==== DATA BELOW ====

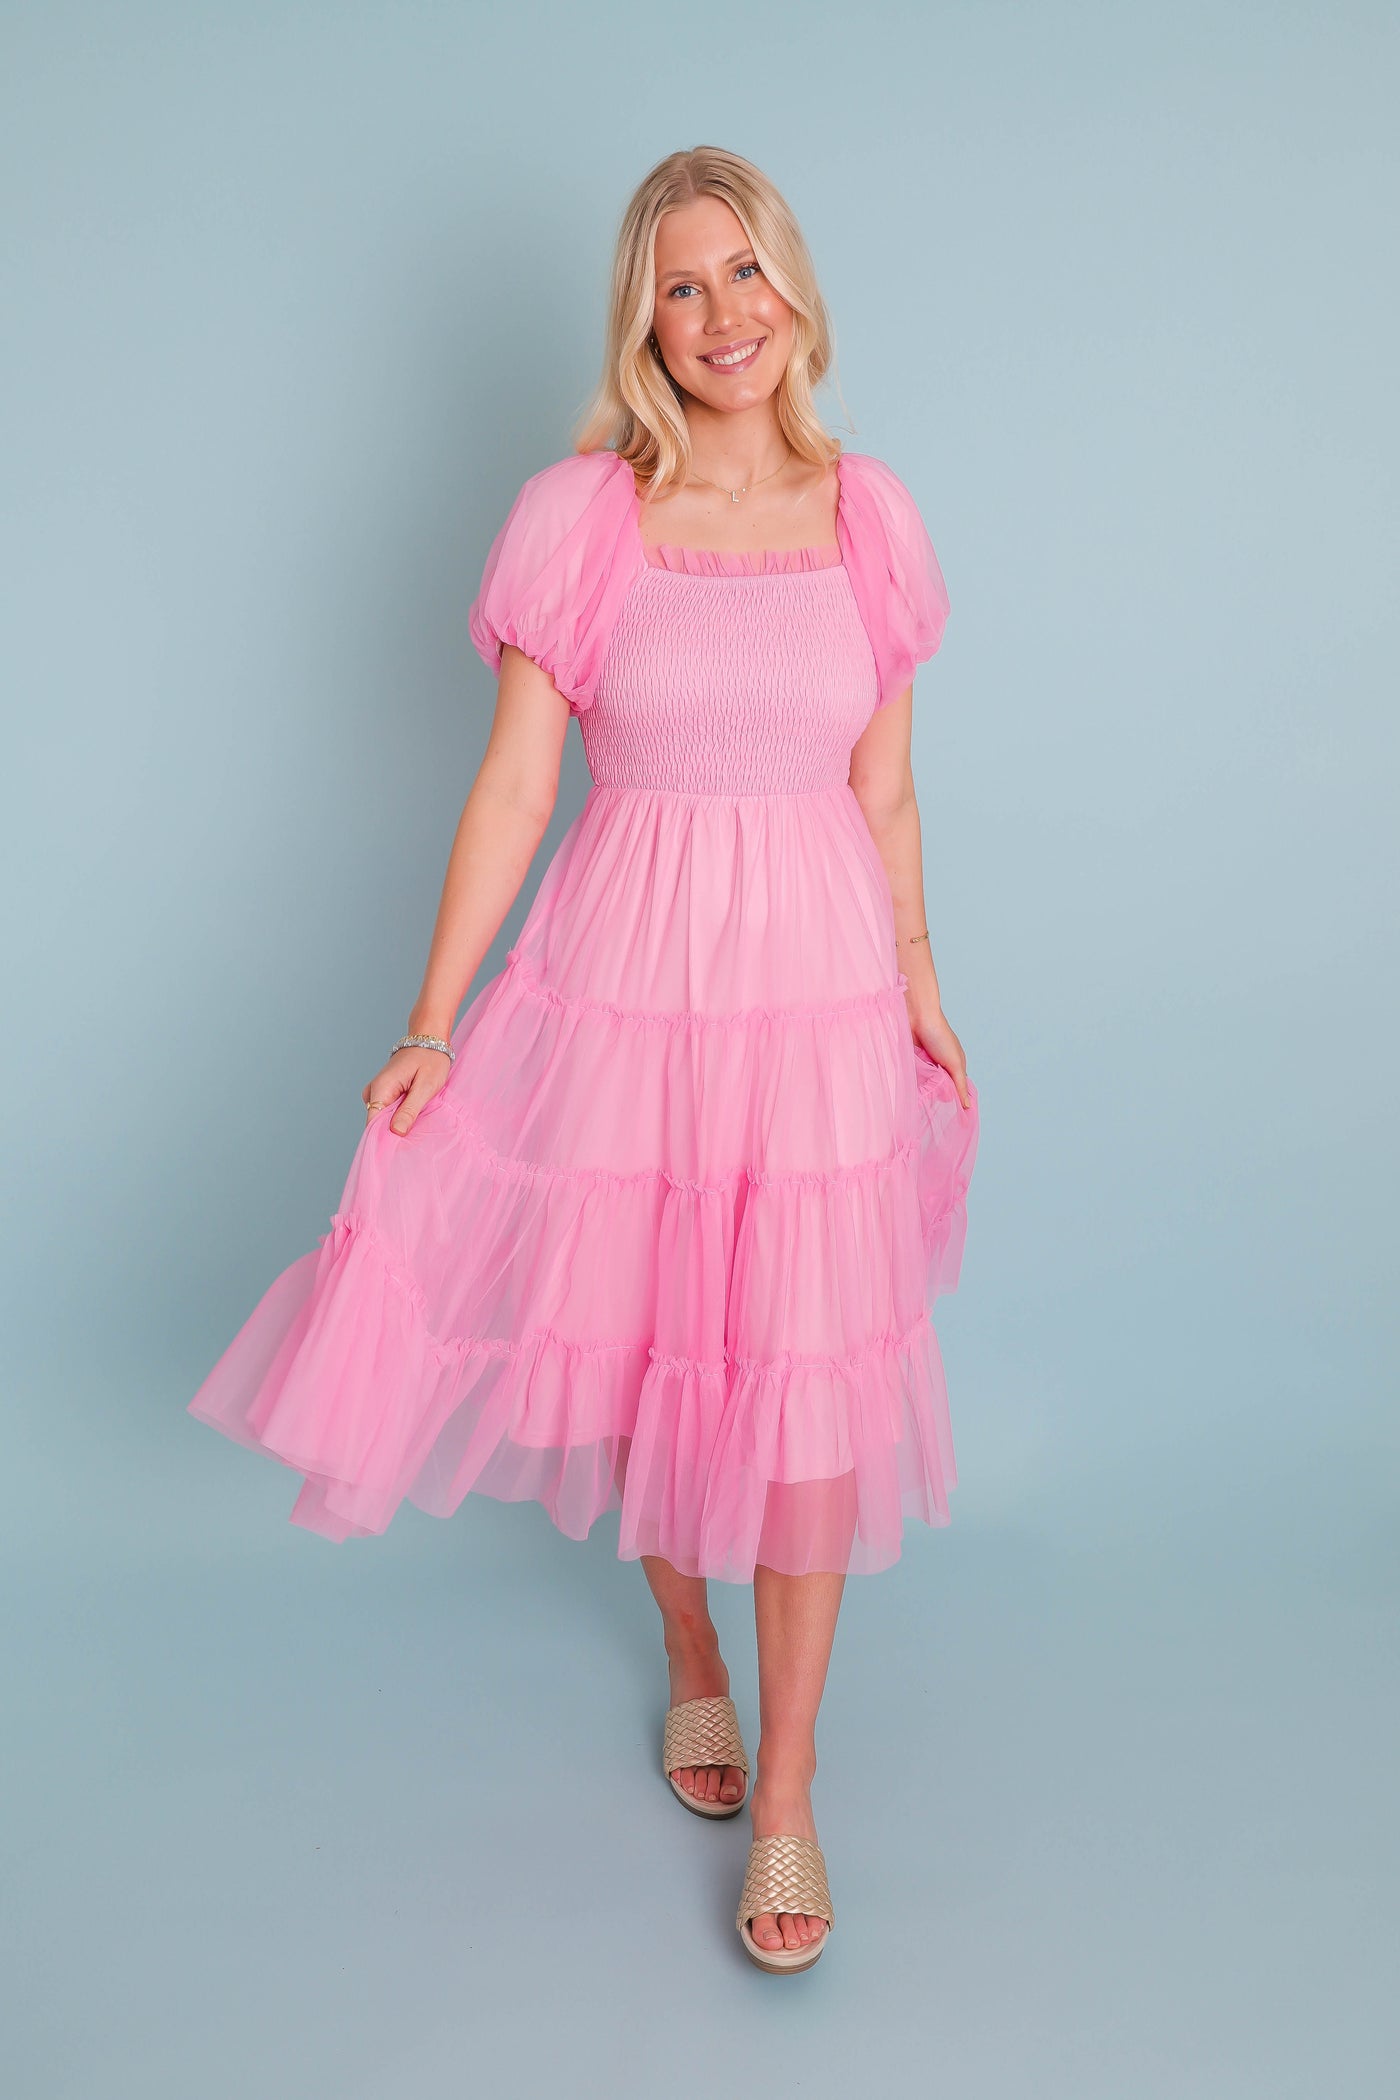 Women's Pretty Pink Tulle Dress- Women's Tulle Long Dress- Tulle Long Photoshoot Dress
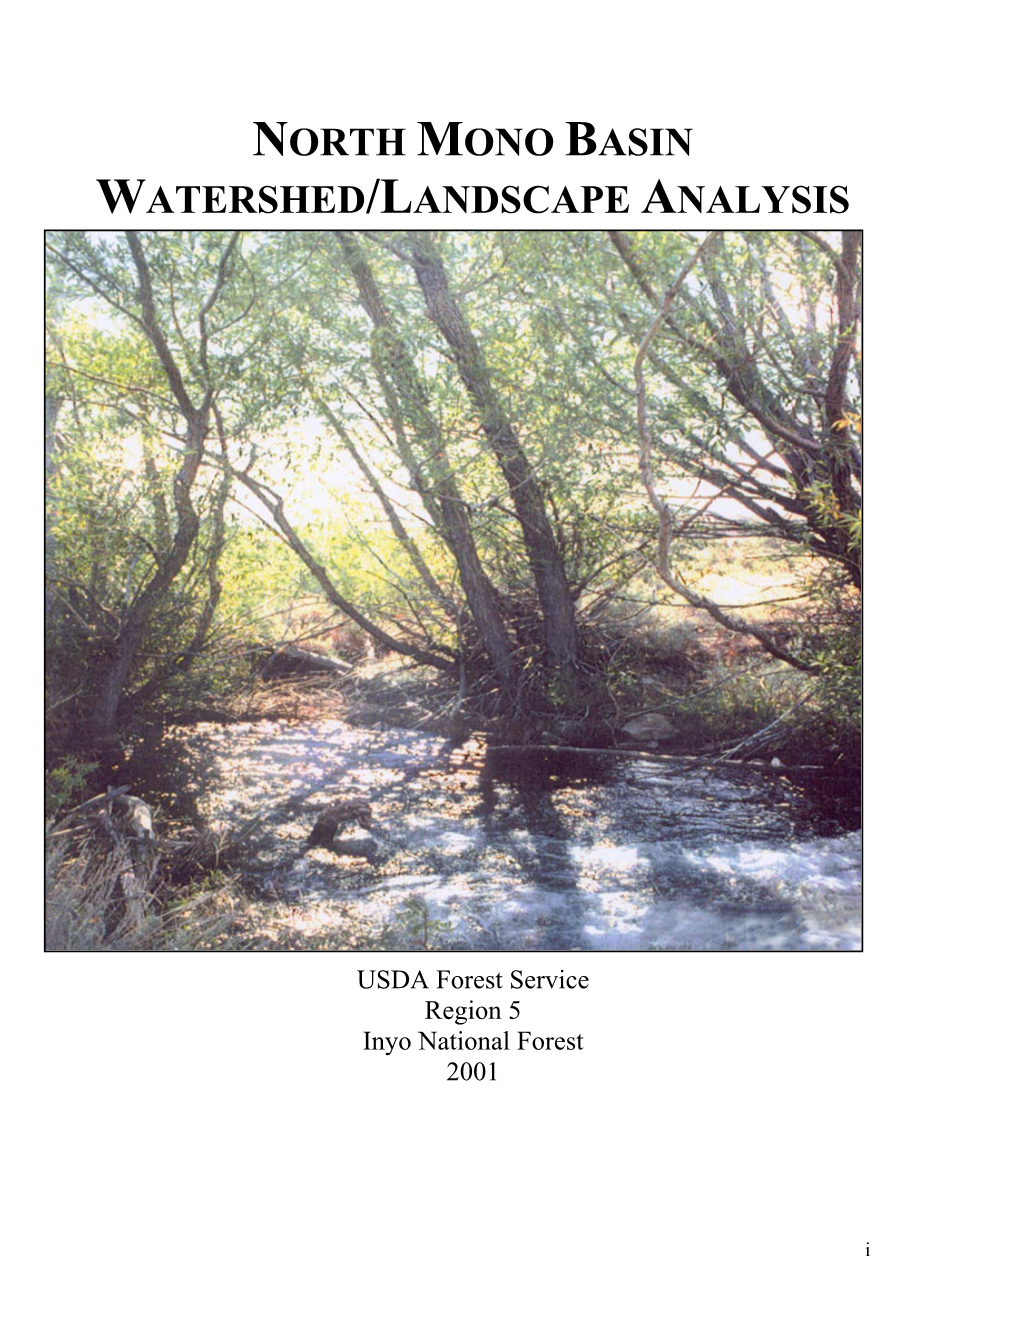 North Mono Basin Watershed/Landscape Analysis, 2001
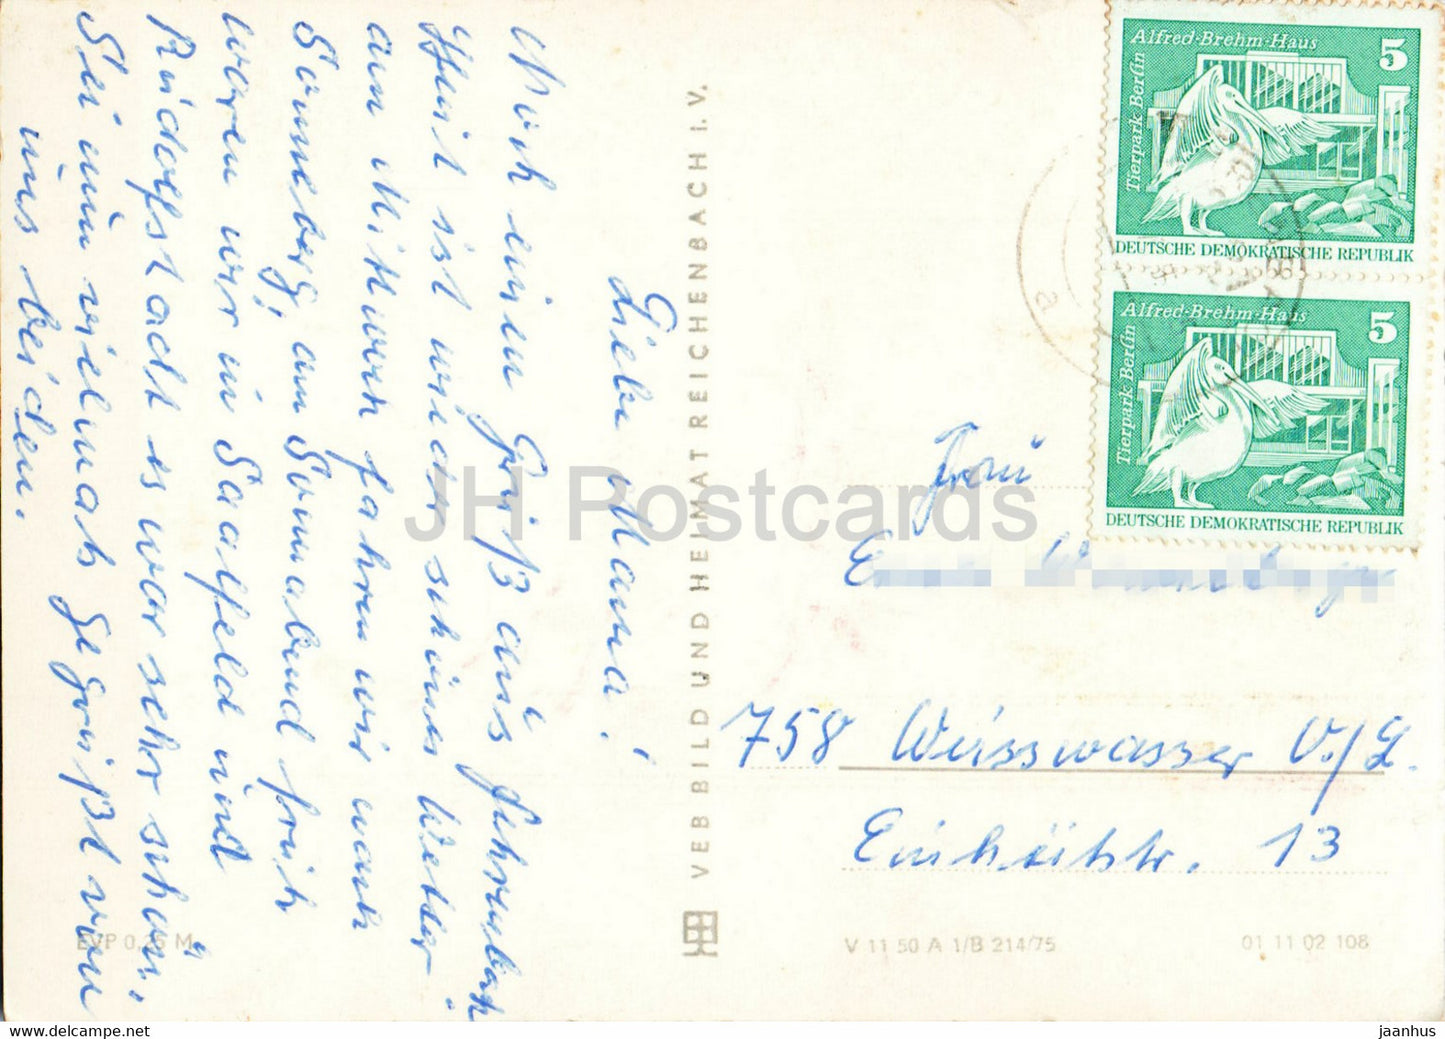 Hohenluftkurort Fehrenbach - Thur - 750 m - carte postale ancienne - Allemagne DDR - d'occasion

====

**WHAT YOU ARE ASKED TO DO**
Set down the material above as is, without any pictures.

**EXERCISE ANSWER**
 Women's Pretty Pink Tulle Dress- Women's Tulle Long Dress- Tulle Long Photoshoot Dress
 North Mono Basin Watershed/Landscape Analysis, 2001
 Hohenluftkurort Fehrenbach - Thur - 750 m - carte postale ancienne - Allemagne DDR - d'occasion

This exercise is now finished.